## Task details
Among the entries below, find the lines with the word "Security" and return them.

## Given entries
┌────────
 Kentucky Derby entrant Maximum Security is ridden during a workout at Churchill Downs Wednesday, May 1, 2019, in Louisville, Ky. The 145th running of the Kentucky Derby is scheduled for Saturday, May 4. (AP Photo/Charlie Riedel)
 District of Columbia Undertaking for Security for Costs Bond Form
└────────
┌────────
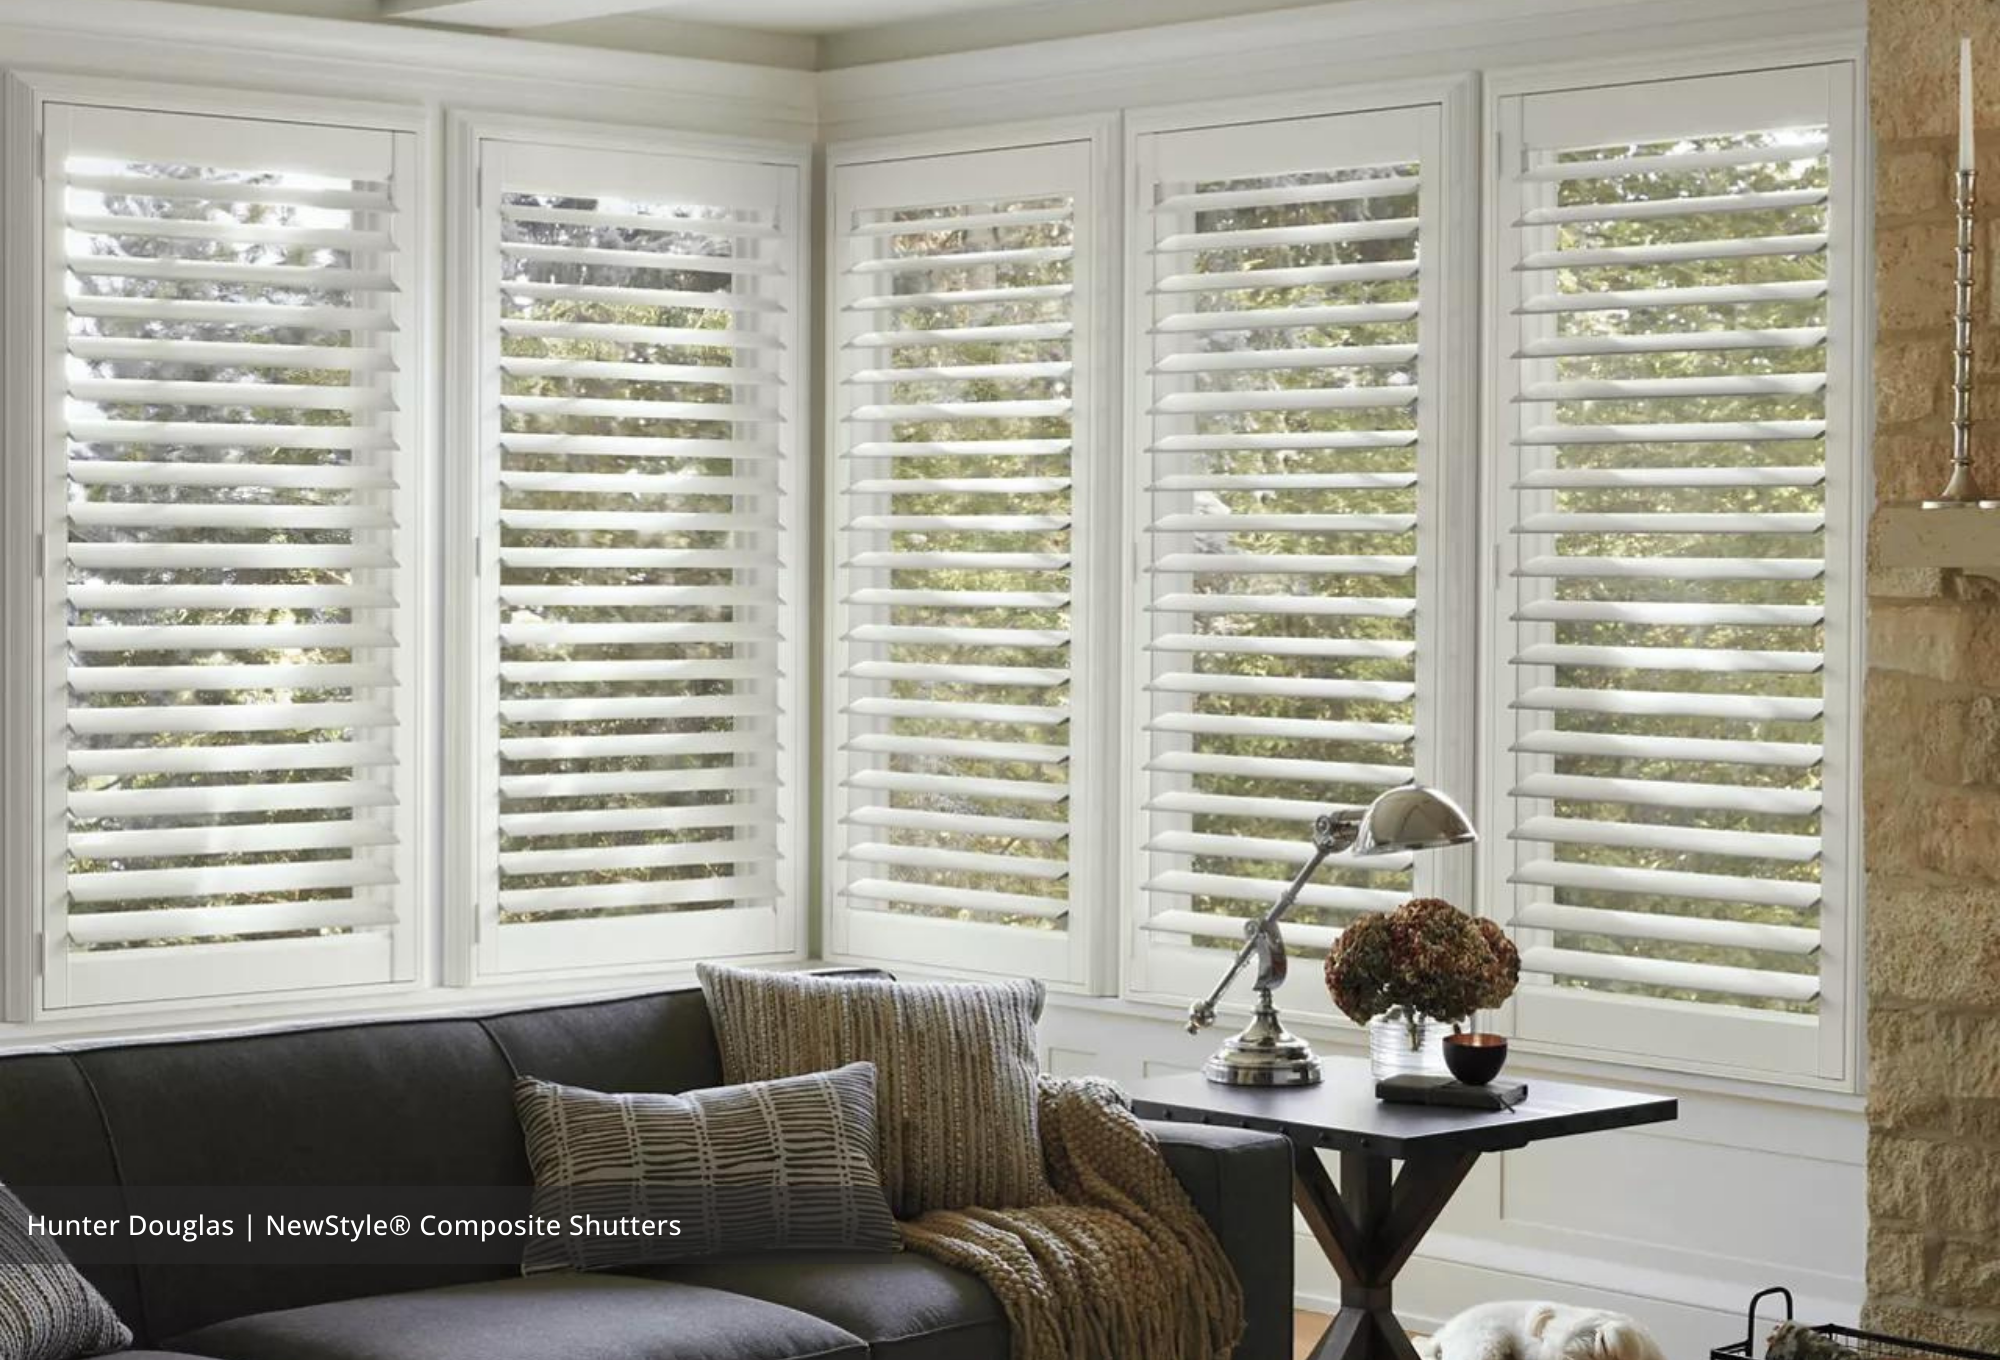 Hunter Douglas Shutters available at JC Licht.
└────────
## Exercise result
 Kentucky Derby entrant Maximum Security is ridden during a workout at Churchill Downs Wednesday, May 1, 2019, in Louisville, Ky. The 145th running of the Kentucky Derby is scheduled for Saturday, May 4. (AP Photo/Charlie Riedel)
 District of Columbia Undertaking for Security for Costs Bond Form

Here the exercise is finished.